How vintage fashion is going from thrift stores to the red carpet as rare, one-of-a-kind luxury items with history become must-haves
- With stars like Zooey Deschanel and Christina Hendricks showing off their latest vintage fashion finds on Instagram, you know the trend is getting big
- Vintage marketplaces like LA-based A Current Affair are taking advantage of the interest fuelled by celebrities and a global push for sustainability

This holiday season, the hottest place to shop in Los Angeles won’t be on shoppers’ paradise Rodeo Drive, but in a warehouse in the city’s grubby garment district. That’s where A Current Affair, one of the world’s hottest vintage marketplaces, will be on December 7.
High-end vintage fashion is having an unprecedented moment, and A Current Affair’s founder Richard Wainwright – resolutely shy in his thick-rimmed glasses, patterned button-down shirt and jeans – is right in the middle of it.
Wainwright has the perfect pedigree for vintage – he has degrees in fashion marketing and merchandising from the Fashion Institute of Technology in New York, and in history of art from the University of California, Berkeley.

When Wainwright started A Current Affair nine years ago, the event had only 17 exhibitors.

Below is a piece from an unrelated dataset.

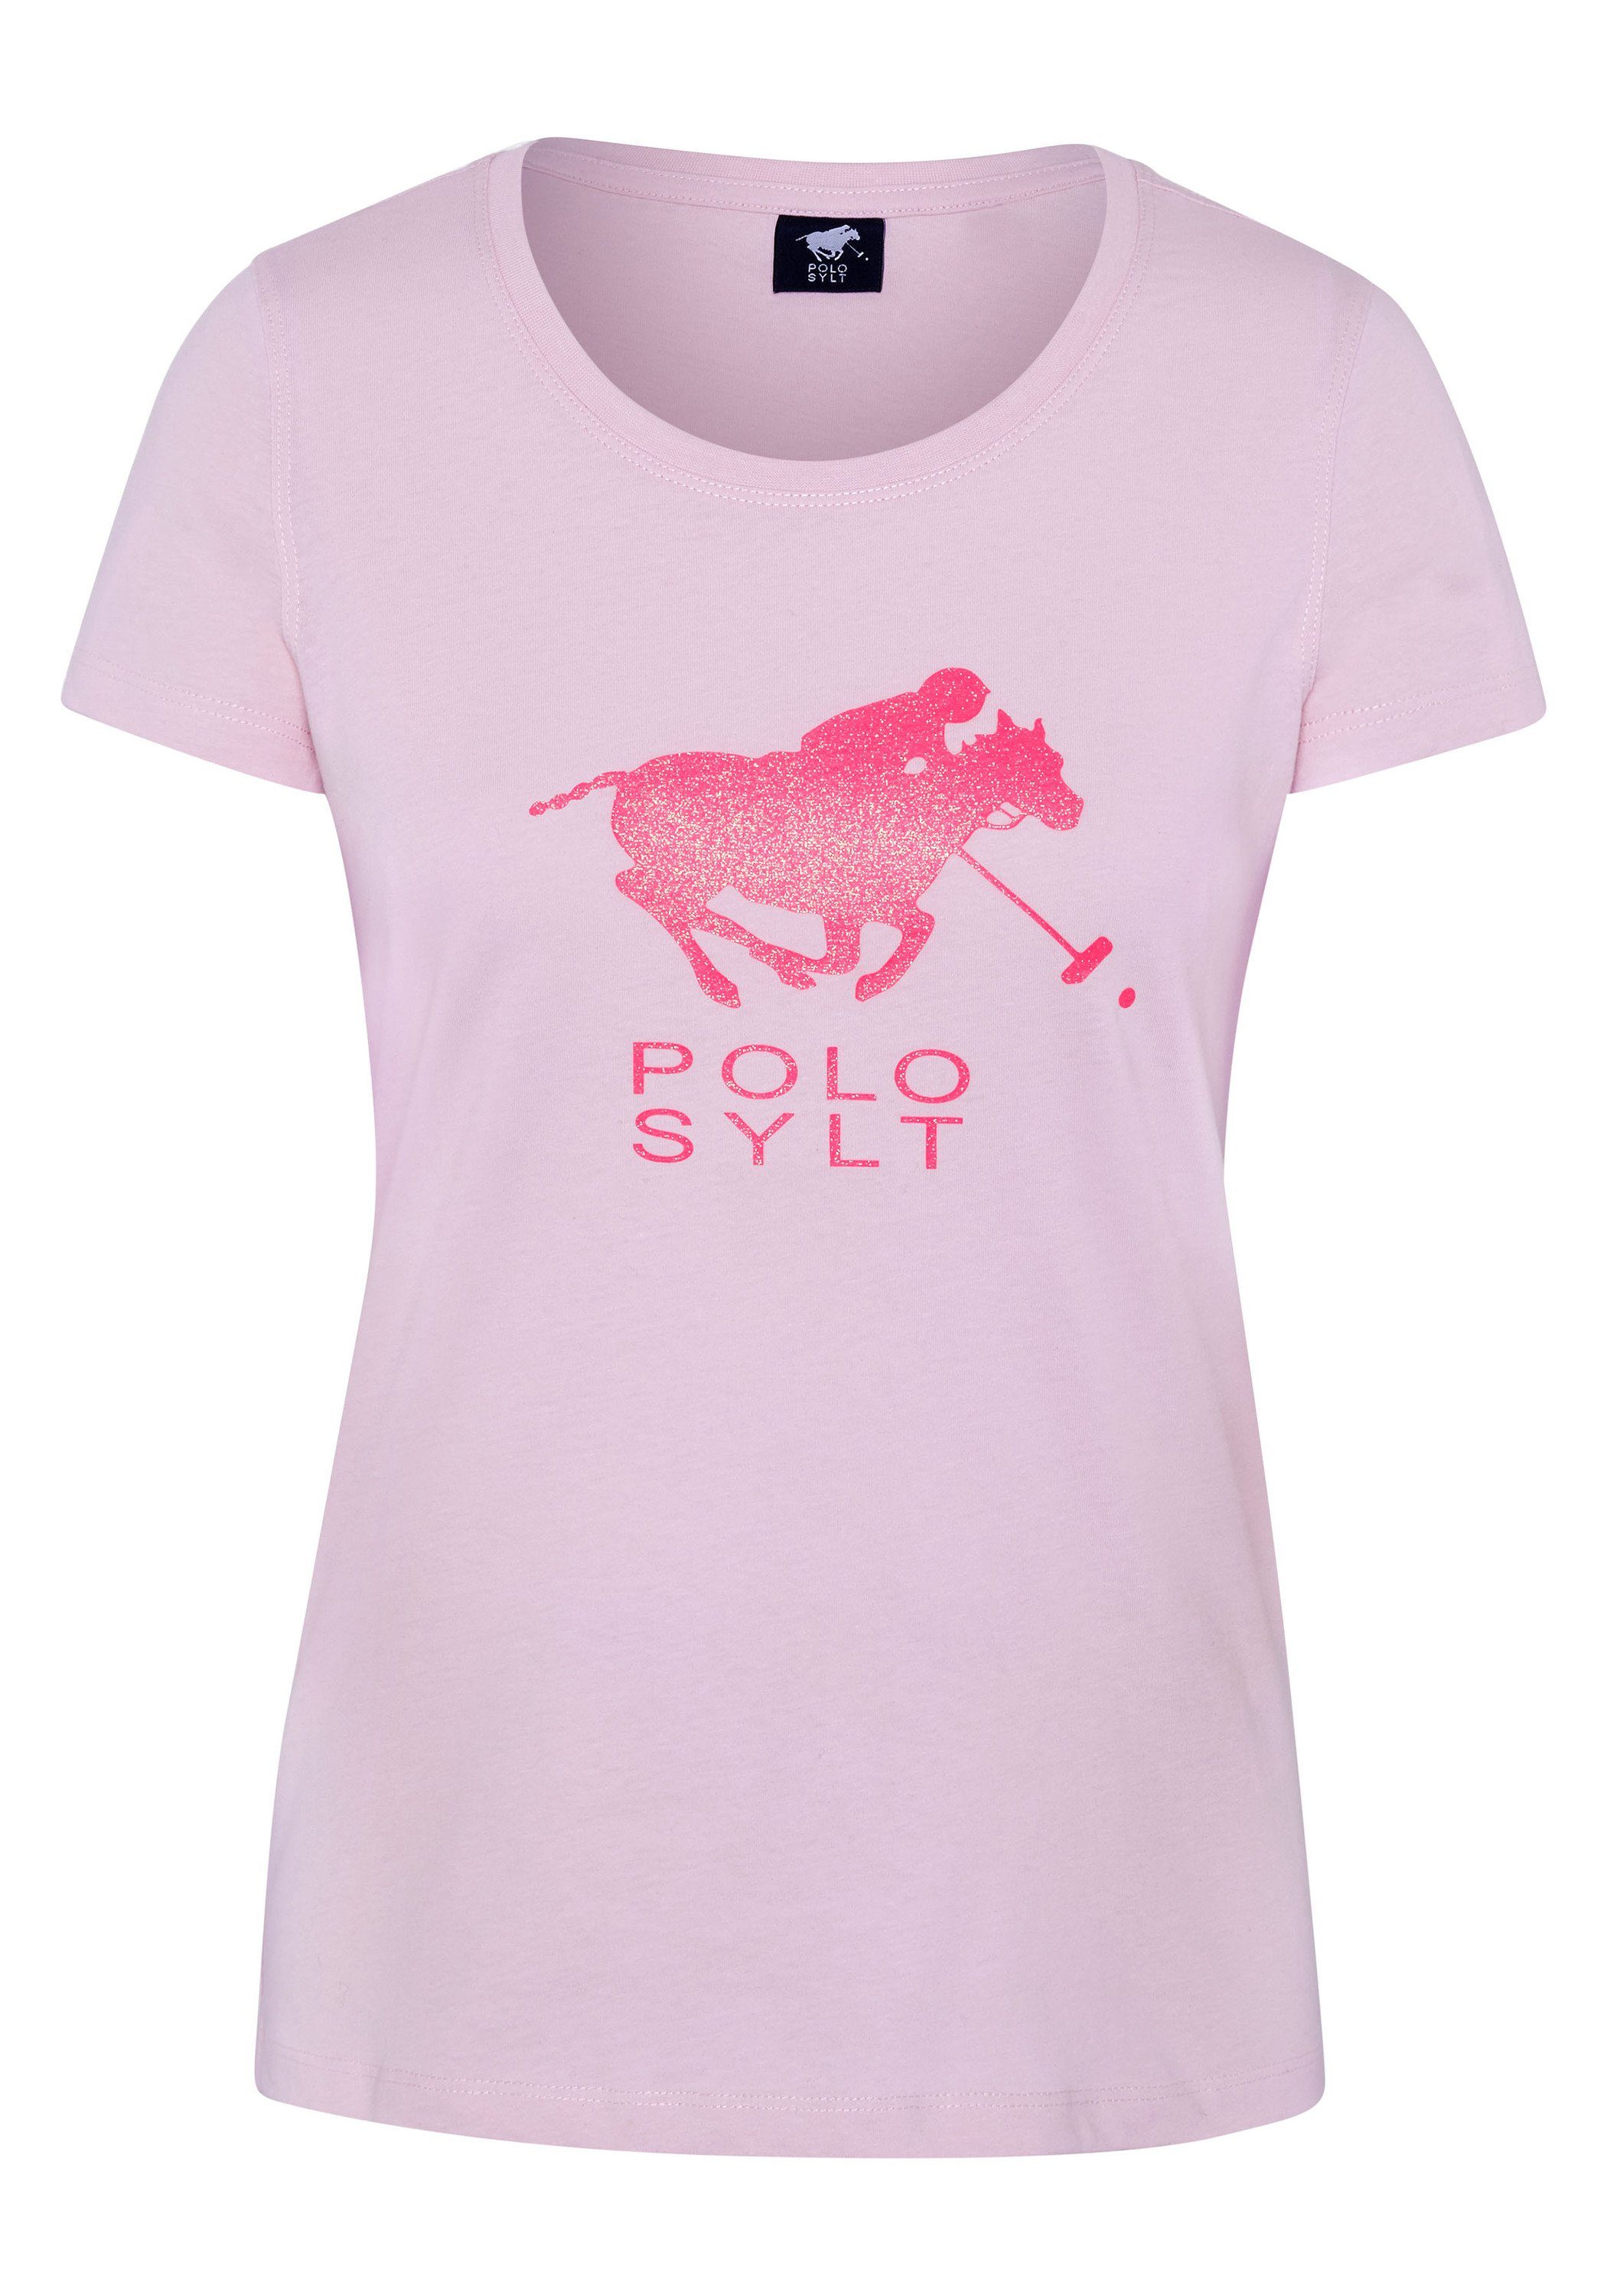 Empfohlen Polo Sylt Print-Shirt in figurbetonter Lady Pink Passform
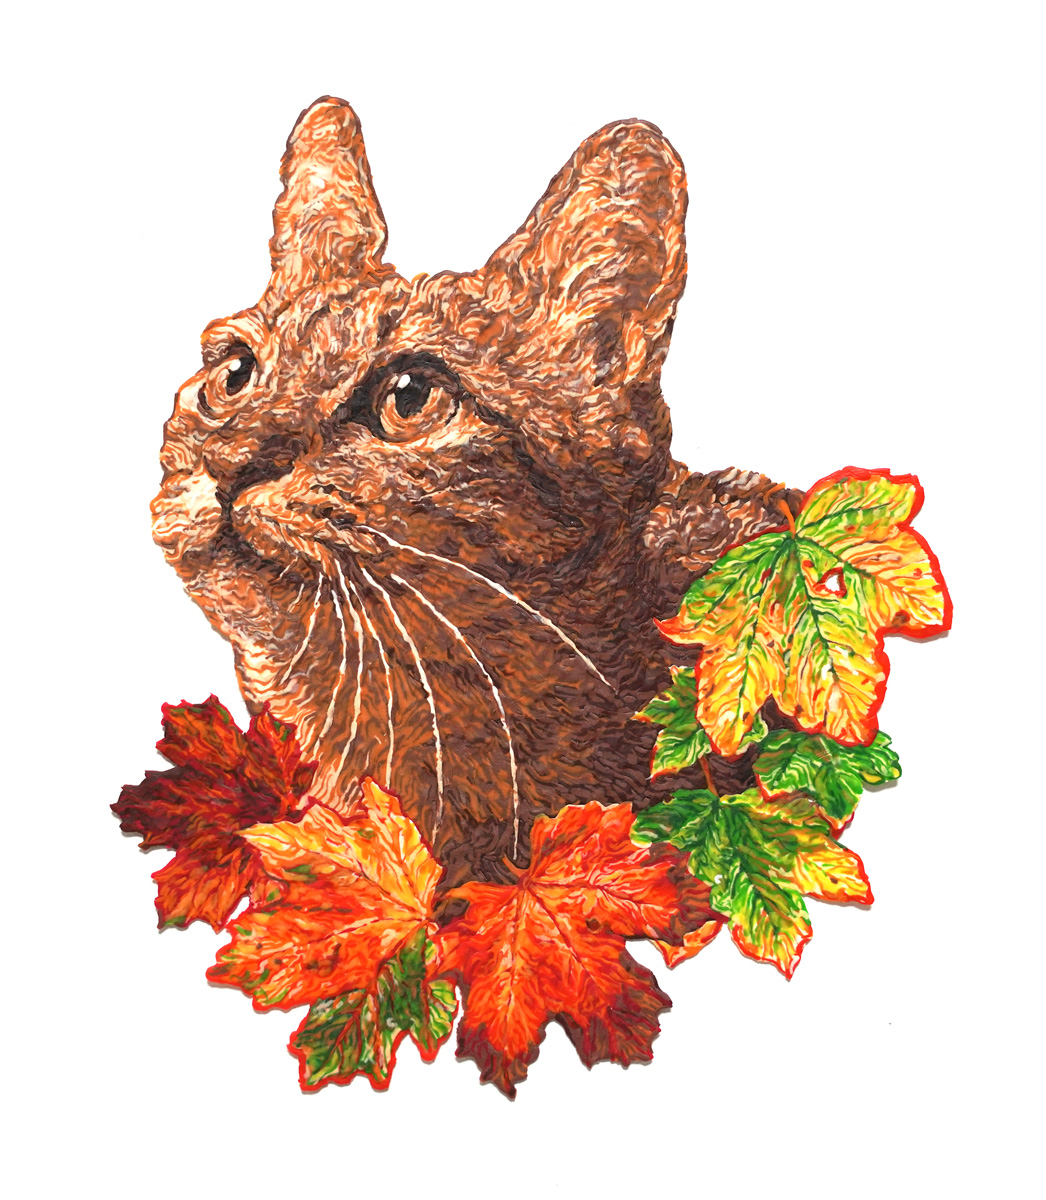 no humans white background simple background animal focus leaf animal cat  illustration images

“Today, we are now a community of over 200 sellers popping up in Los Angeles, Brooklyn and the San Francisco Bay Area seven times a year, in addition to trunk shows … and we did an event at [department store] Isetan in Tokyo this autumn. There is nowhere else to shop that compares to A Current Affair,” Wainwright says proudly, describing the marketplace’s clothes as “the best vintage on the planet”.